If you have been following Redefining Female this week, you know we have been covering the topic of Feminism. Monday, I shared my ever evolving thoughts about the importance of fighting for women’s economic and social rights. And Wednesday, we talked about how women and men need each other, because it is their calling to jointly lead and take care of the world.
So, rather than do our traditional Fabulous Female post, I thought it would be so cool to share a few famous examples of successful working relationships between real men or women that weren’t romantic. Do you know how many examples I found?

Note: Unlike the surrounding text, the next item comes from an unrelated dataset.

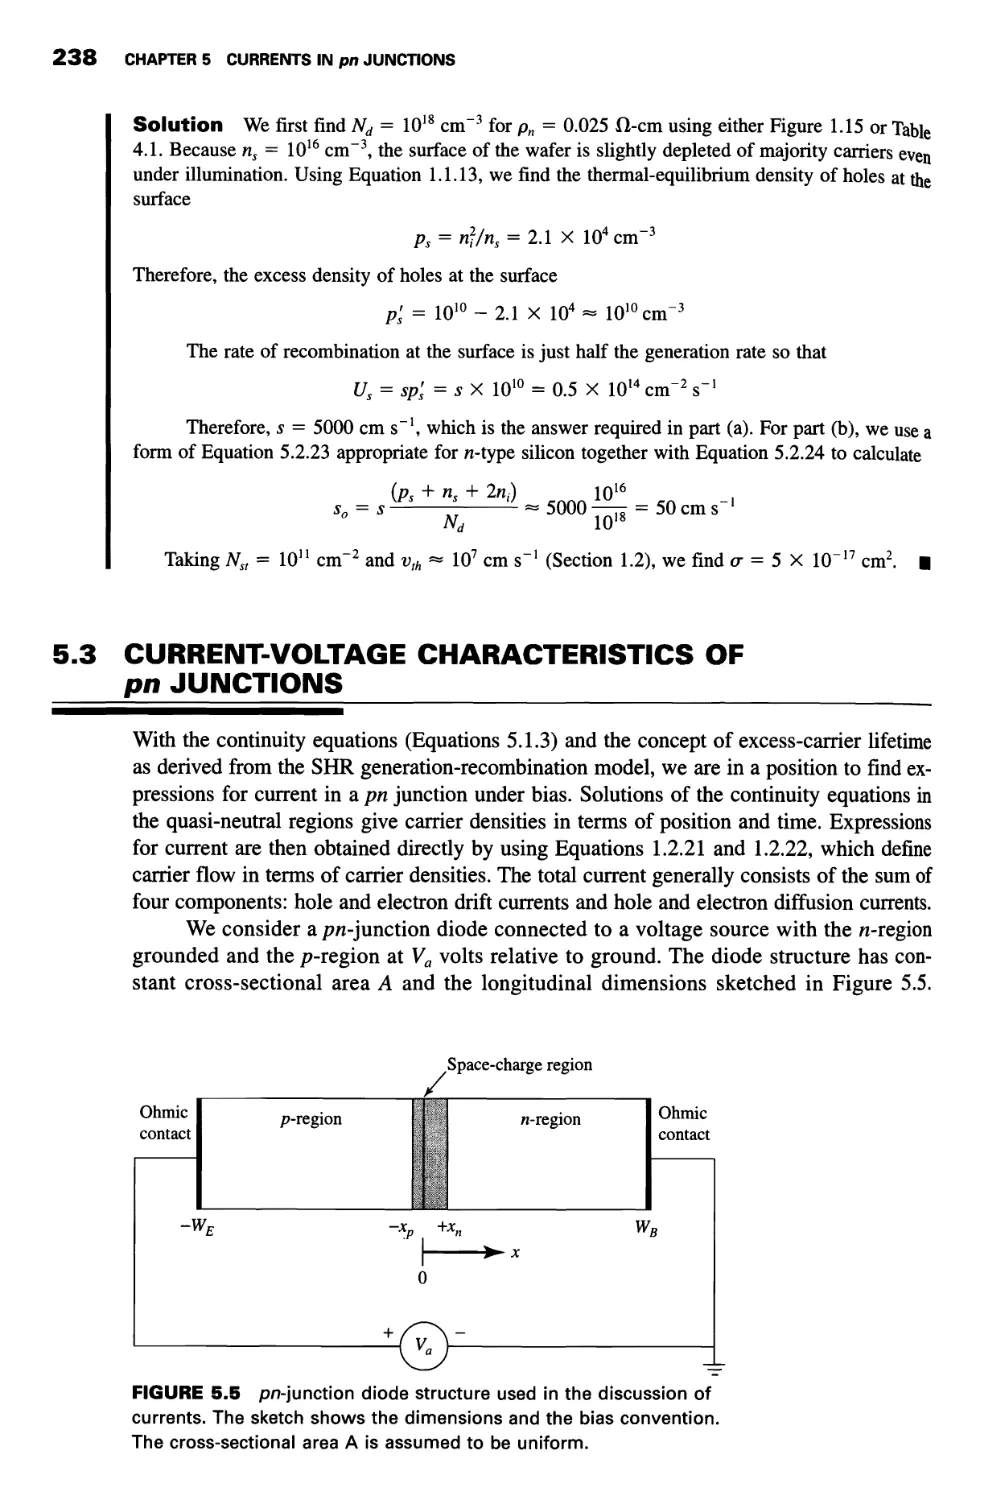 5.3 Current-Voltage Characteristics of pn Junctions

It could be that I couldn’t find the right language for a google search. I tried “Successful male/female partnerships” and got something about transgender relationships. I tried “successful female/male business partners,” in which the closest find was an article on the top business partnerships in History–all but one of the partnerships, were between men. (The one including a woman, talked about how through her partnership with a businessman, she became rich, yet he basically cheated her out of her company). I tried many variations of the same to no avail.
Does this mean that successful non-romantic partnerships between men and women aren’t possible? That they don’t exist?

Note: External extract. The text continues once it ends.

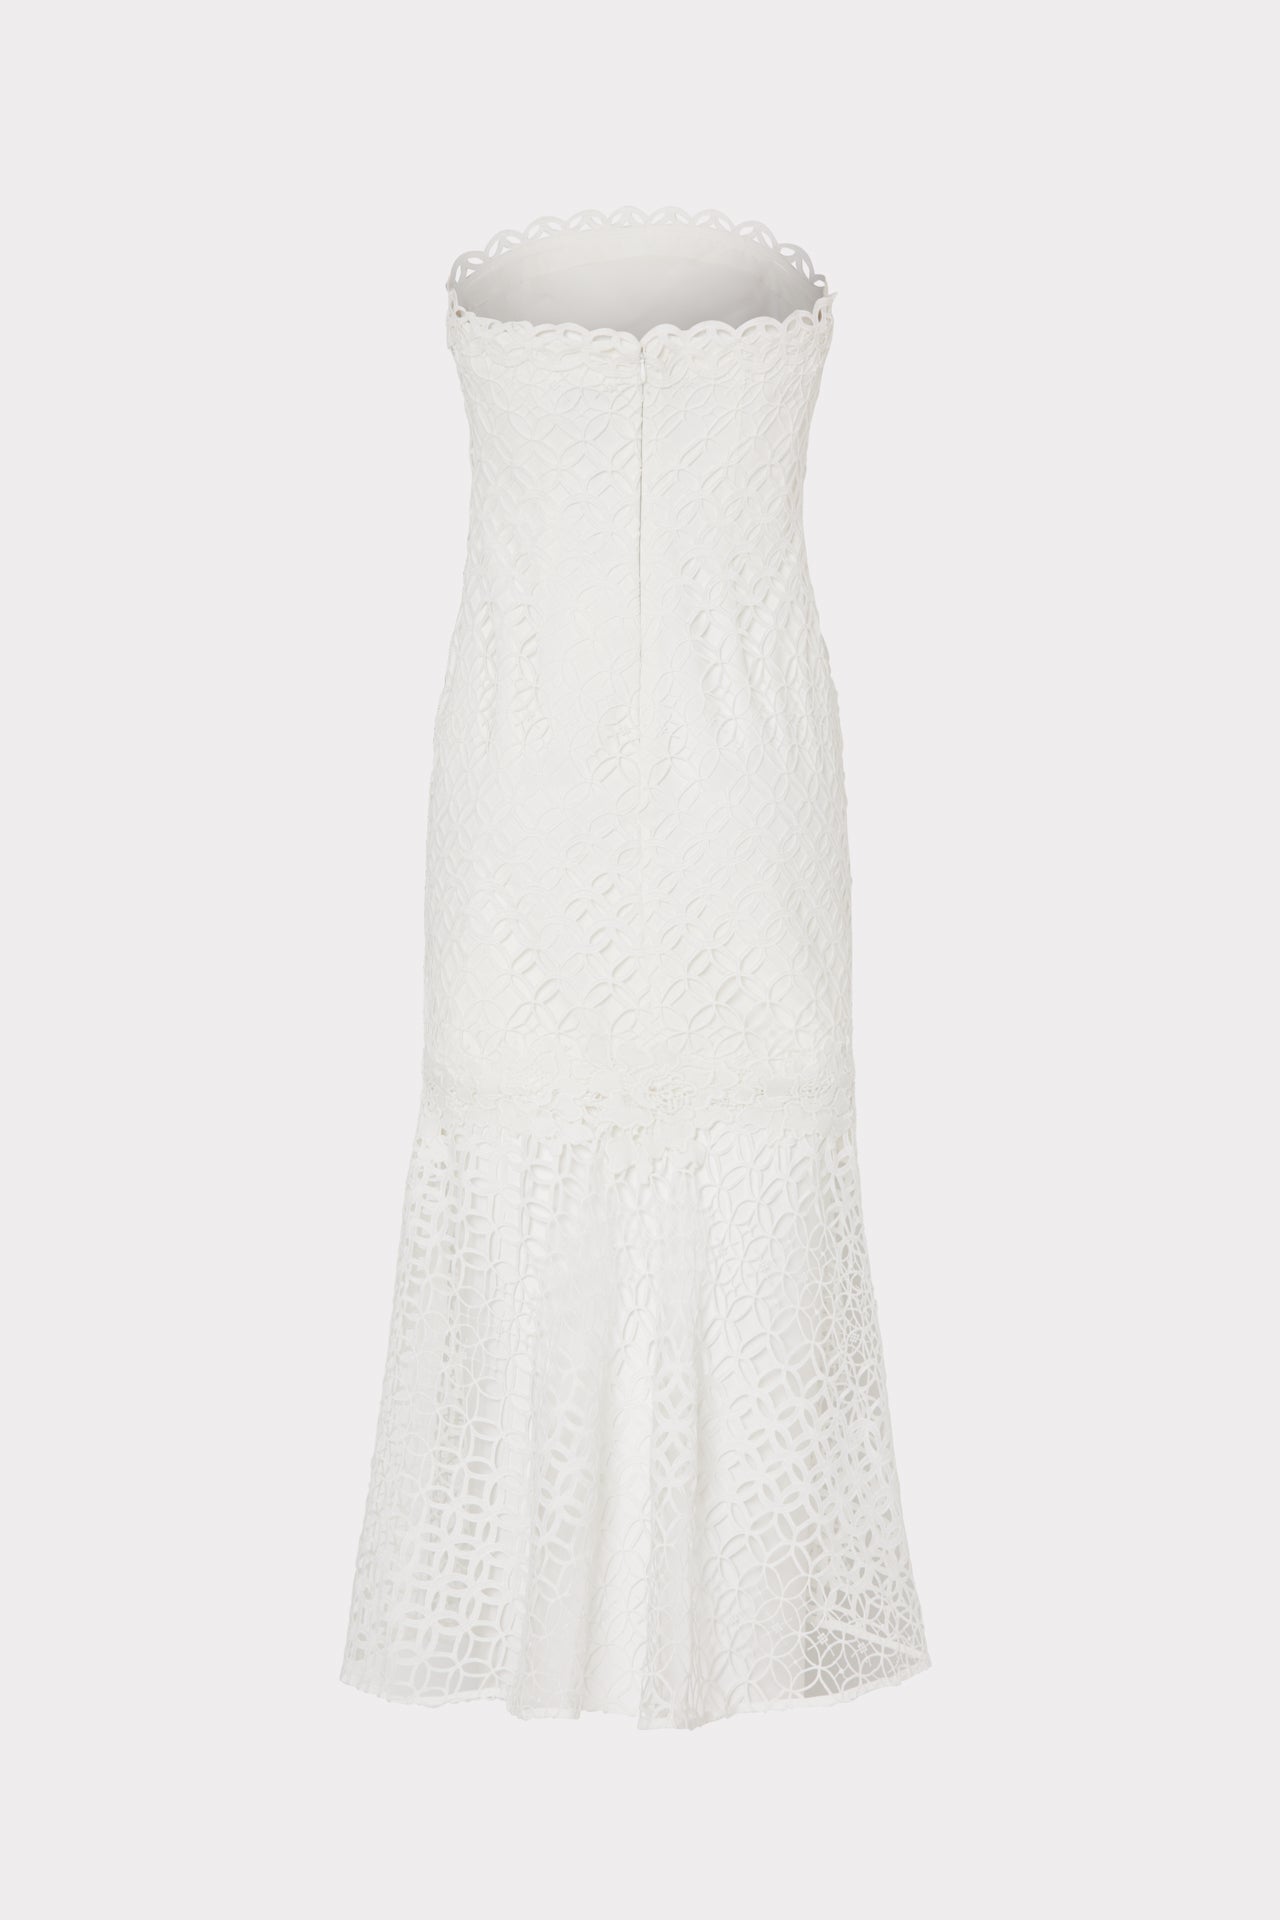 Nuriel Interlocking Geo Lace Dress in White | MILLY

No, but I would say that they are rare, and they are not talked about in our world the way that they should be. And, I believe that there are a few reasons for this:
Successful People/leaders are usually loners: Many leader types know how to take control over a company or group of people, but very few of them know how to share that power with another human being. Both women and men can get caught up in the responsibility at hand and not realize the benefits of having another perspective in the mix.
Male/Female partnerships are important, yet difficult: Besides power, I think another historical reason some men have hesitated when it came to inviting women to partner with them in business, is because we are different. We as women approach things differently, and so inviting us in, means change. Finding the right balance of her way/his way and working together for the betterment of the whole, is necessary, yet not easy.
We live in a sex-obsessed culture: Since Freud, the emphasis in our news, entertainment, and story-telling has been on sexual attractiveness, desire and relationships. “Sex sells,” hasn’t only effected the world’s spending habits, it also has negatively effected our ability to see someone of the opposite sex for more than their physical attractiveness–and this isn’t just a male issue! Many times have I heard women talk about a male co-worker’s looks or relationships status, without any part of his attributes as a co-worker coming into play.
So, do we just give up? Do we just say this is the way its always been? Or do we seek to more knowledgeably overcome the obstacles we face as both men and women, believing that our differences can be what make our world better?
I choose the latter, believing we have so much more to gain together.
(P.S. If you have any examples of non-romantic partnerships between men and women, I would LOVE to hear about them!)